Most processors had also experienced some form of post-farmgate setback in the past year, with the broader market downturn, and intricacies of the Chinese market the most cited factors, DA said.
Downstream players have also had their share of setbacks, with Bellamys, Viplus, Camperdown Dairy International and Camperdown Dairy Company among those cutting sales forecasts, encountering trade restrictions or abandoning ventures.
Despite this, the significant amount of new manufacturing capacity coming online over the next few months was likely to maintain competition for milk at the farm gate, DA said.
On the wider international market, Mr Droppert said the balance between supply and demand pressures was keeping dairy commodity prices stable in the short term, after a steady recovery during the second half of 2016.
He said “sentiment drove the recovery but the fundamentals have since caught up.”
Mr Droppert said the global milk supply picture remained cautiously positive for sellers, with only the United States currently showing growth among the major exporters.
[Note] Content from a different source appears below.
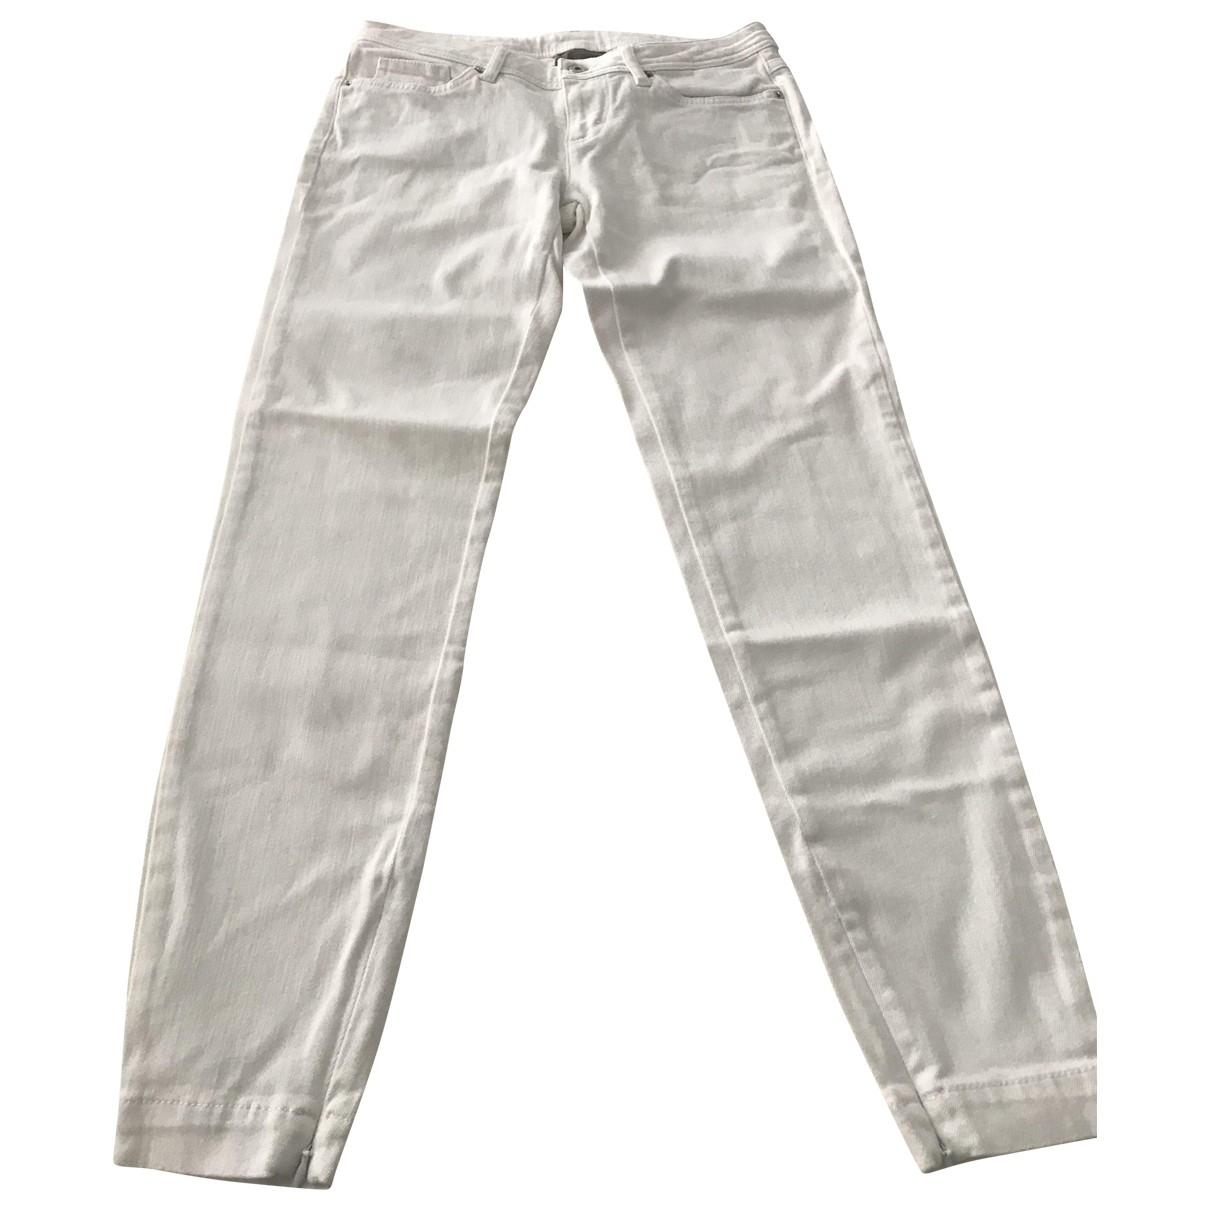 D&g \N White Cotton Trousers for Women S International

New Zealand and the European Union warranted close watching, but at present milk flows in both regions were likely to remain constrained, he said.
The volume of dairy products Australia traded over the past 12 months to the end of October 2016 rose by just more than seven per cent, with a recovery in demand from Greater China accounting for around a third of that growth.
However the value of global dairy exports was down by 14 per cent, with falls across all major markets except Greater China, reflecting the lower global prices for key dairy commodities for much of the year.
Dairy sales in Australian supermarkets for all major categories except yoghurt outgrew the 1.4 per cent population increase.